Give back the data exactly, with no images.

| Data shown |
※

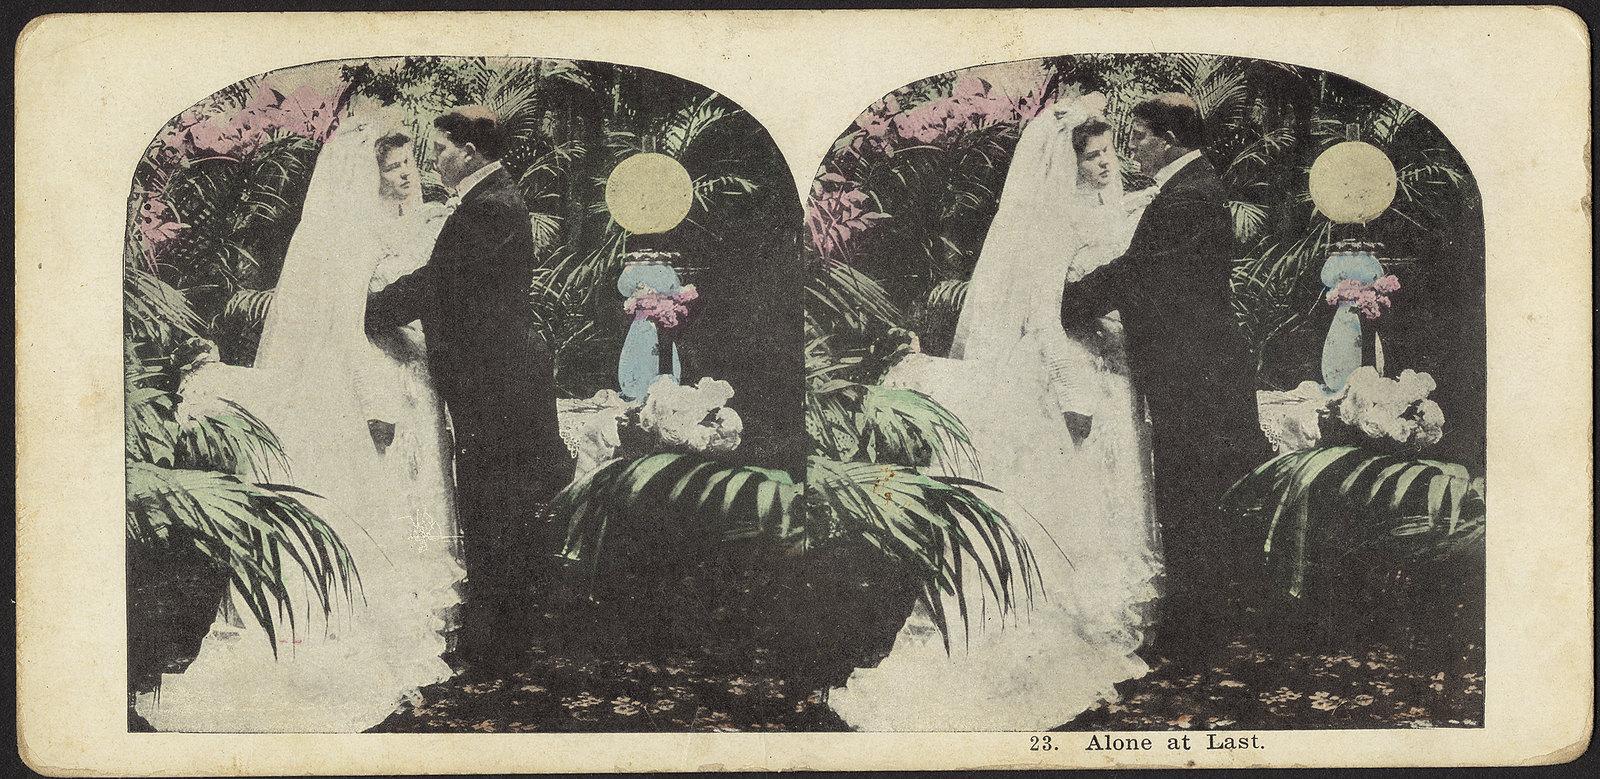 Alone at last    c. 1850-1920   stereograph (photomechanical print)
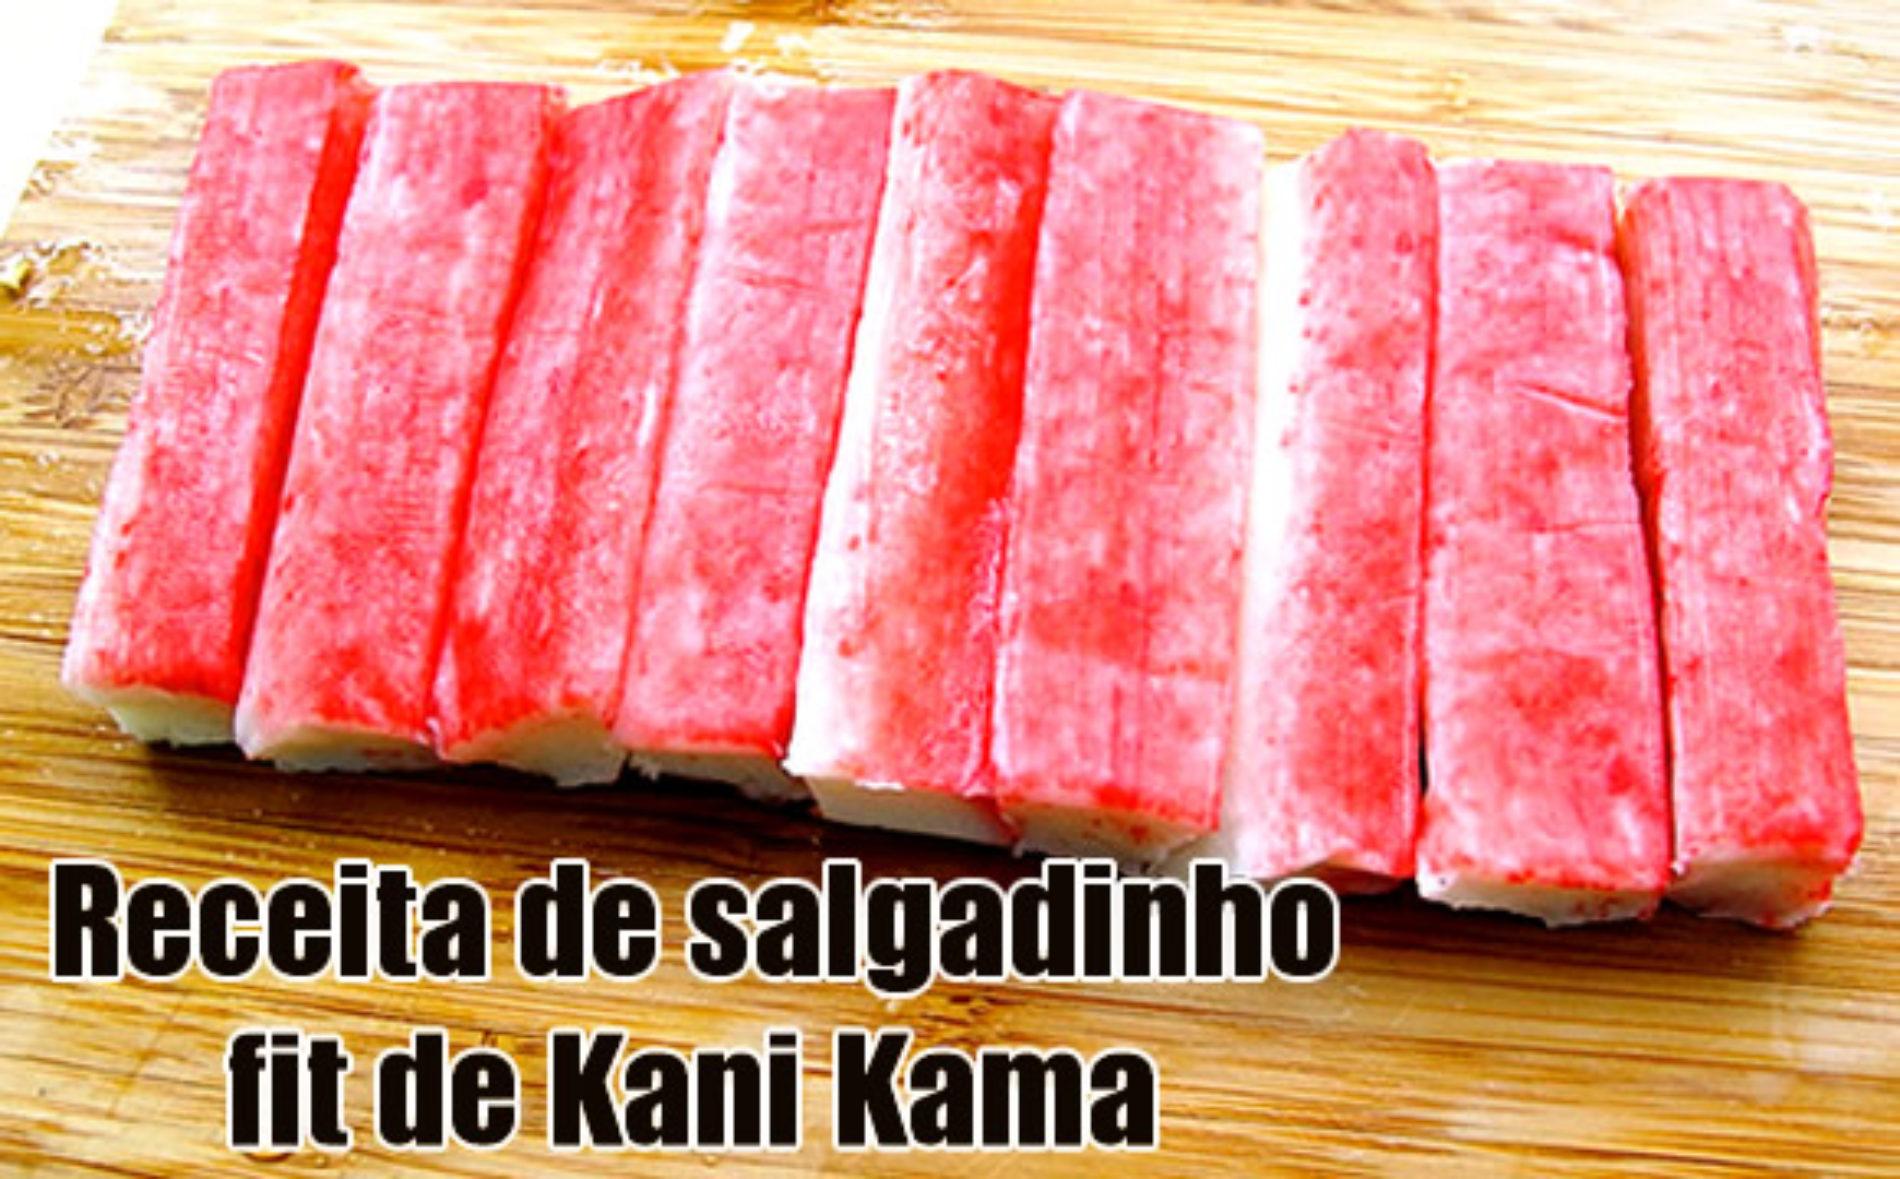 Salgadinho Chips FITNESS de Kani Kama
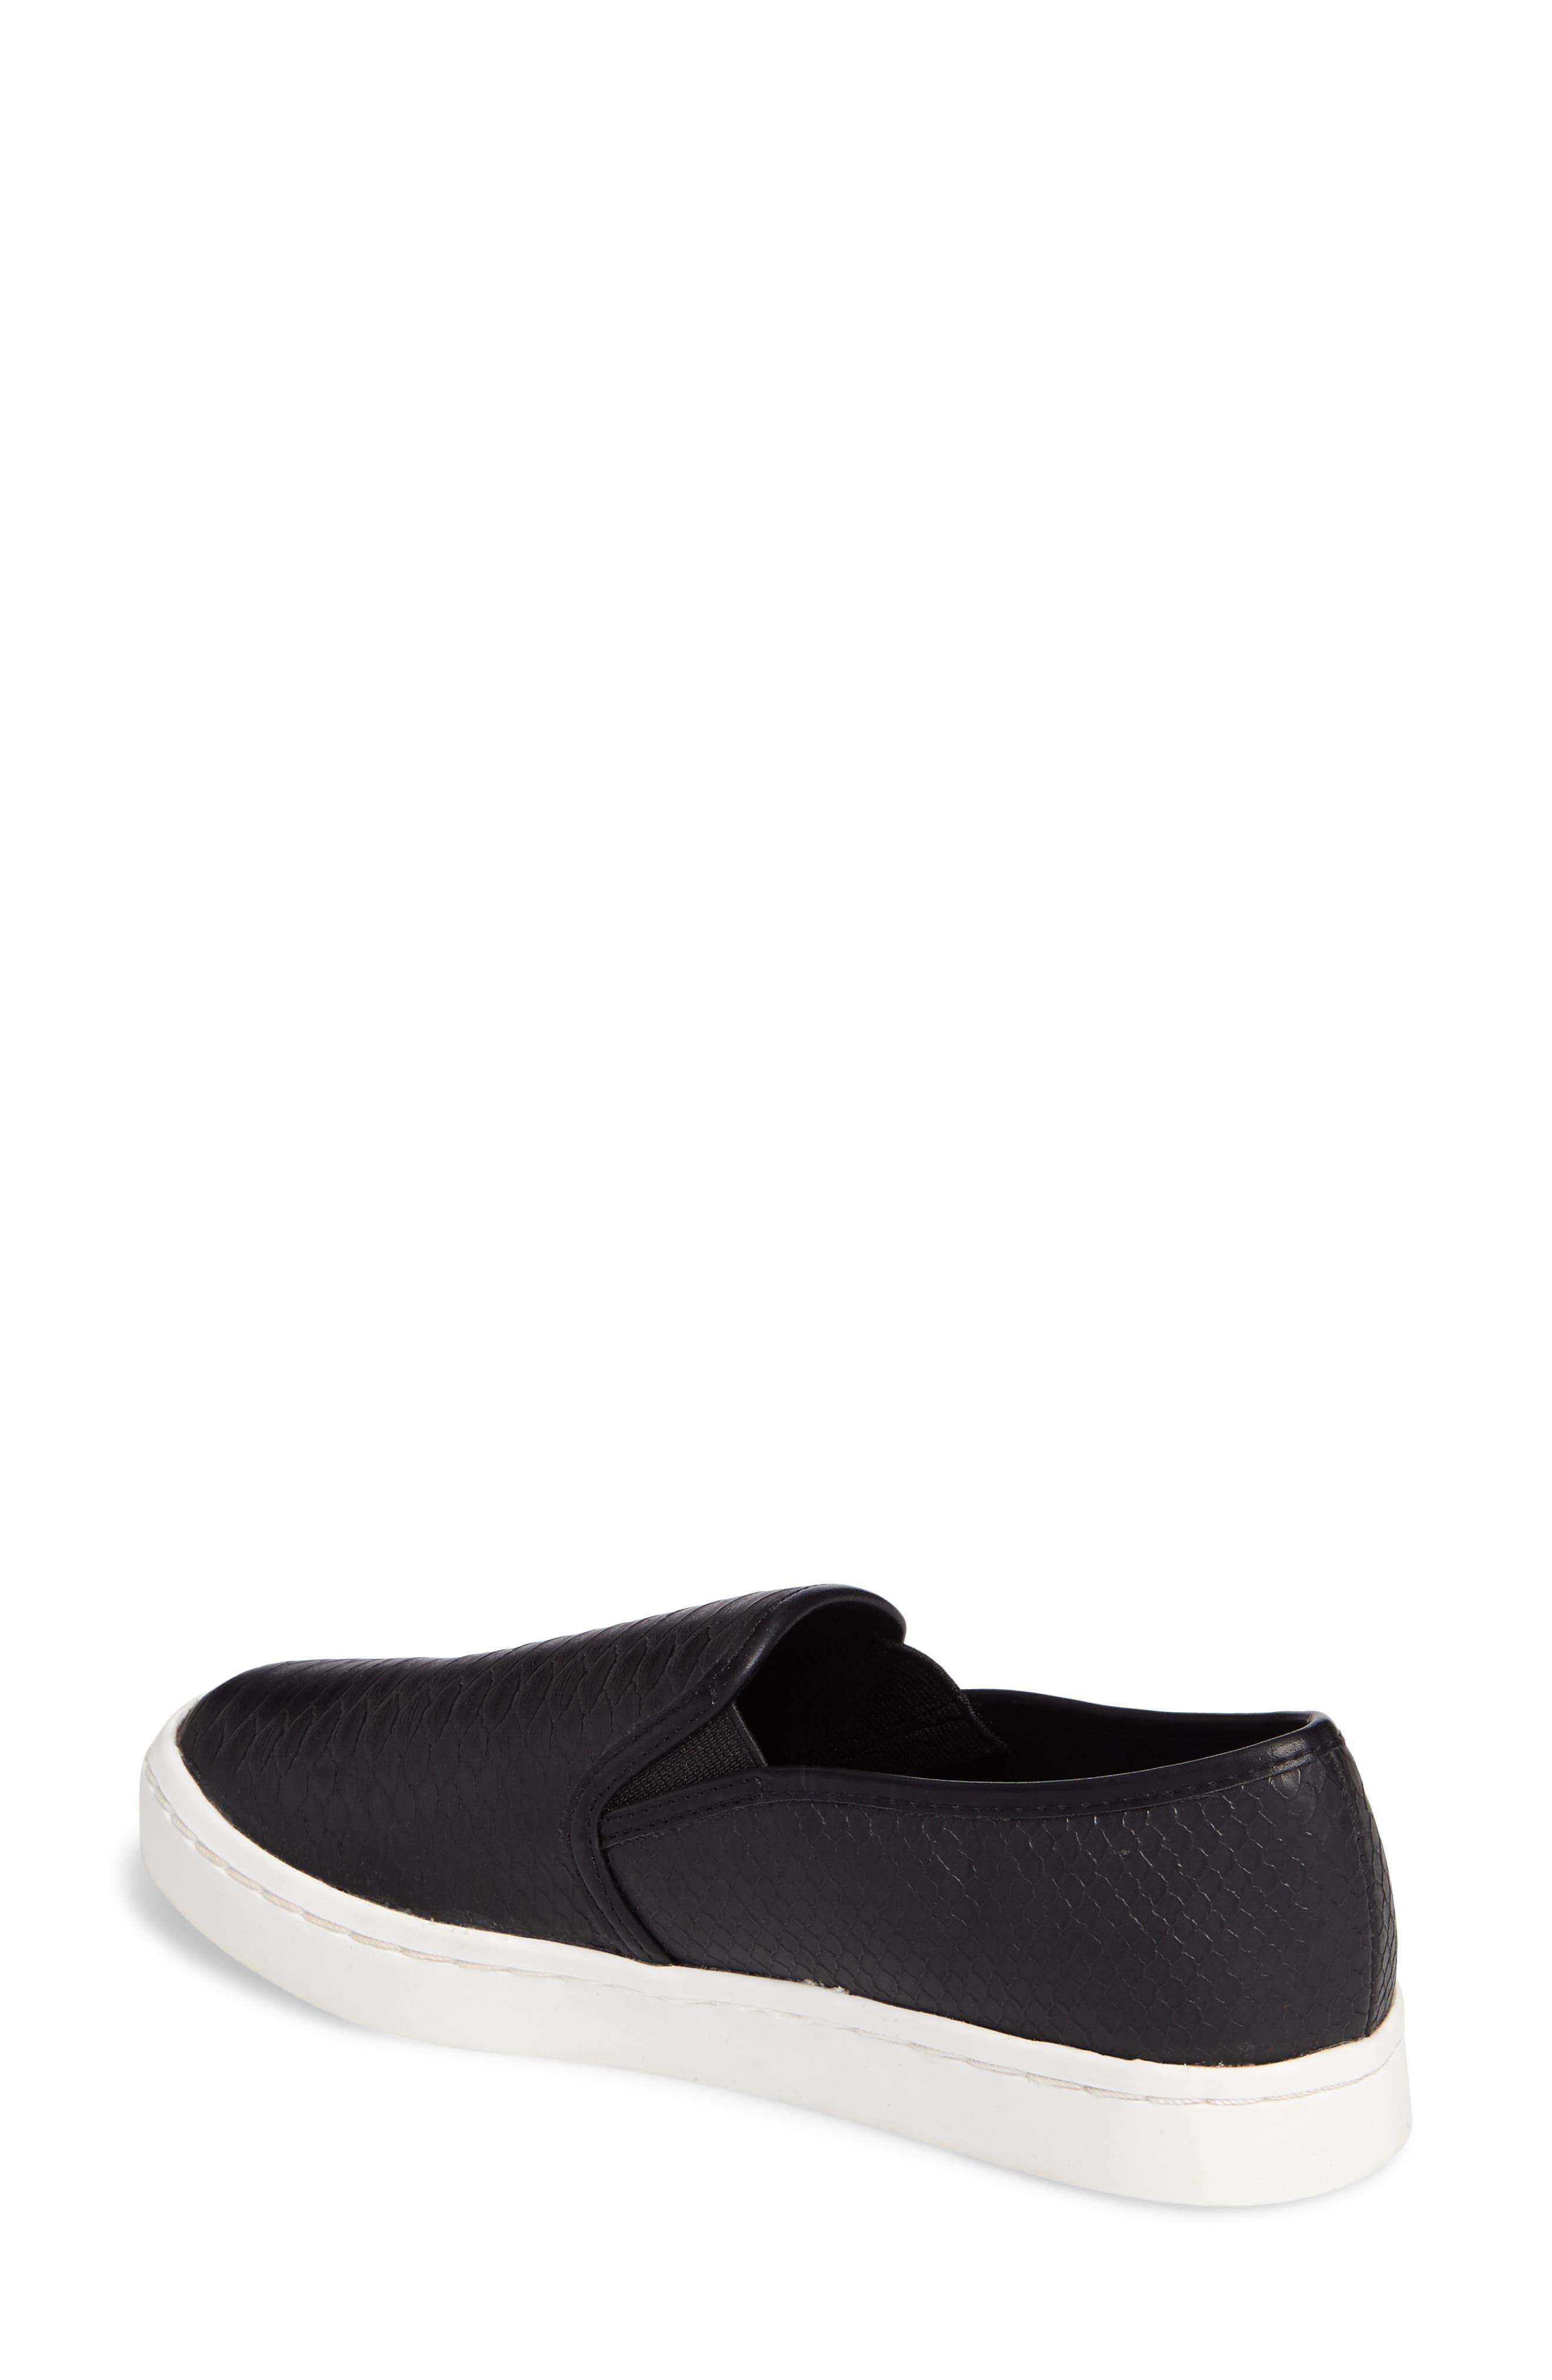 'Twiny' Slip-On Sneaker,                             Alternate thumbnail 2, color,                             005

※

| Response area |
 Alone at last    c. 1850-1920   stereograph (photomechanical print)
 Salgadinho Chips FITNESS de Kani Kama
 'Twiny' Slip-On Sneaker,                             Alternate thumbnail 2, color,                             005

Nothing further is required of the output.